Could you explain a bit about the context of your farm?
Robert: We’re a spring calving dairy farm using cross-bred cows. The farm is on fairly thin, silty, loamy soils over limestone bedrock, and most of it is in permanent pasture. From a visual aspect, we’re in the rolling hills of the Peak District National Park in the White Peak area. We’re on a rotational grazing system, grazing approximately every three weeks through the growing season with a network of tracks for the cattle to walk along.
We do use some fertiliser at frequent but very low rates. So, we use about 140kg of nitrogen per hectare over the whole season.

How much of your farm have you given over to the field lab?
Robert: I’ve got about 12-15 acres in at the moment. But we’re farming a total of just over 300 acres, so it’s a very small amount at this stage.

If things go well this year with the research would you look to expand next year?
Robert: Definitely – I’m certainly planning to put some more herbal leys in.

What have you learned from the research process?
Robert: There are a couple of down-sides with the leys I’ve planted so far. One is I’ve put them very close to the farm because I enjoy looking at them and keeping an eye on them, but then those fields don’t always get treated as normal, because when fields are close to the farm sometimes you use them for other purposes out of the rotation which makes for an unfair comparison. And then the other problem I had was when I did quite a large re-seed last spring it was such a dry season that establishment was a challenge. I used a standard Cotswold mix but none of the grass came up because it was just too dry. But we had a phenomenal germination of legumes and herbs. It was amazing. But there wasn’t the grass in there. And being close to the farmstead, and having a dry season and having to feed the cows on the yard, we tended to use them as paddocks which meant we didn’t really give them a fair comparison to the rest.
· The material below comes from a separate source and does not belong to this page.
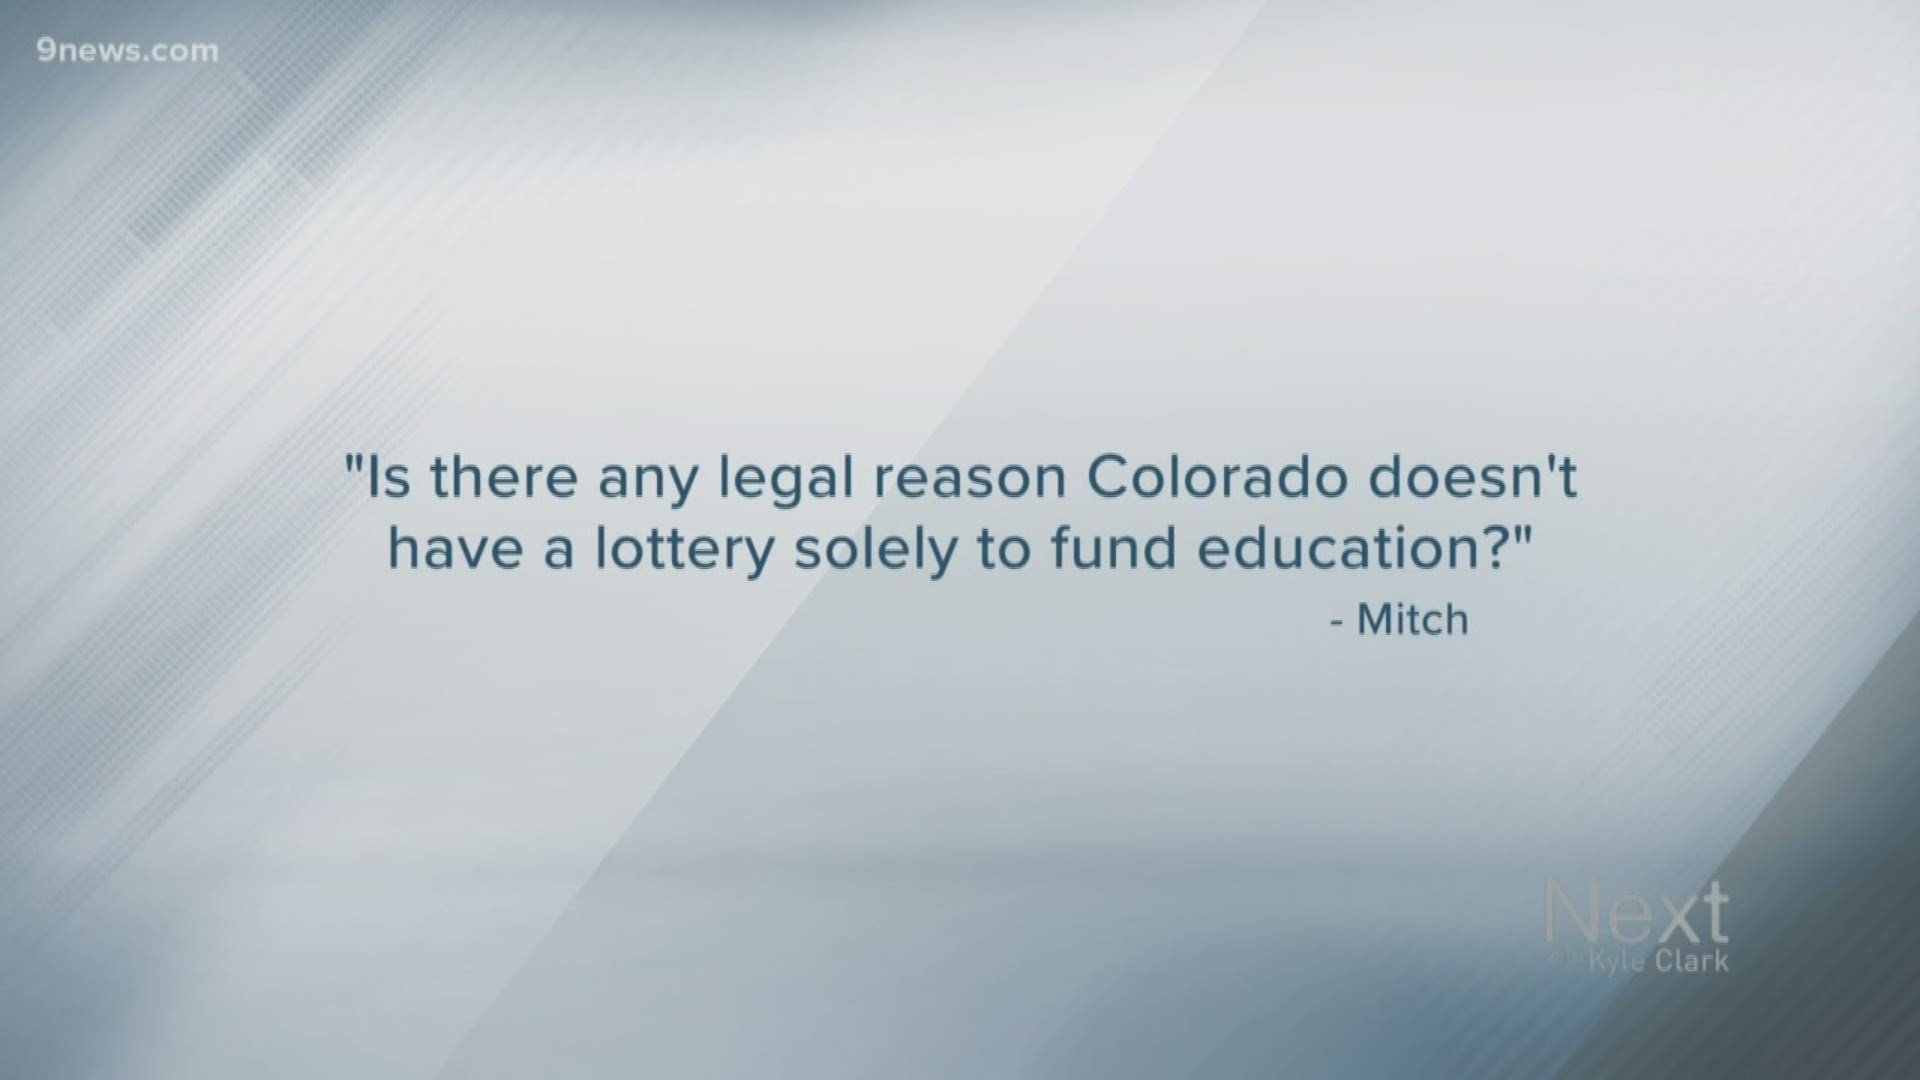 One Next viewer asked to find out more about education funding from the Colorado lottery.

Last year was a challenging year.

Did you find the herbal leys resistant to drought?
Robert: We do get very, very dry here. And chicory certainly does grow for a longer period – there’s no doubt about it. It was even growing slowly when everything else seemed to be not growing at all. So there was some attraction in that. And people I know that grow them in dry areas do so for that very reason. But when it gets really dry then we struggle to grow anything really because we have very free-draining and shallow soils.

Why do you think farmer-led research is important?
Robert: I think farmer led research is important because, if it’s done properly, it’s more relevant because it’s conducted on commercial farms in real-life situations. Also I think it’s more likely to be taken up by the general industry if they see it’s being done on commercial farms rather than somebody who doesn’t have the same pressures, for example in the research station.

Do you have any comment on the need for more farmer-led research in this country?
Robert: I think we could do with more because I think the UK has probably fallen behind in certain areas of research and a lot of it is commercially held. So we’ll always have a bias and many people feel quite rightly that this company is trying to sell something that supports that research. I think if we can get more farmer-led research that would be a good thing, but there has to be an incentive; not necessarily financial, but possibly in terms of support or getting the right farmer who’s interested in the right research.

Is it challenging doing farmer-led research? What are the challenges?
Robert: Yeah it is challenging. The challenges are, firstly understanding what you’re trying to achieve and the best and most consistent methods of doing it. But that’s quite easy to learn. The challenges are fitting it in and remembering to do it! So I have staff on my farm and while I was away on other business they grazed one of the fields with herbal leys and didn’t take any measurement samples beforehand. So we lost the data on that one. This challenge can be overcome but it is a challenge. When things get complicated which occasionally they do, it is just another complication and another thing to consider and have to fulfil.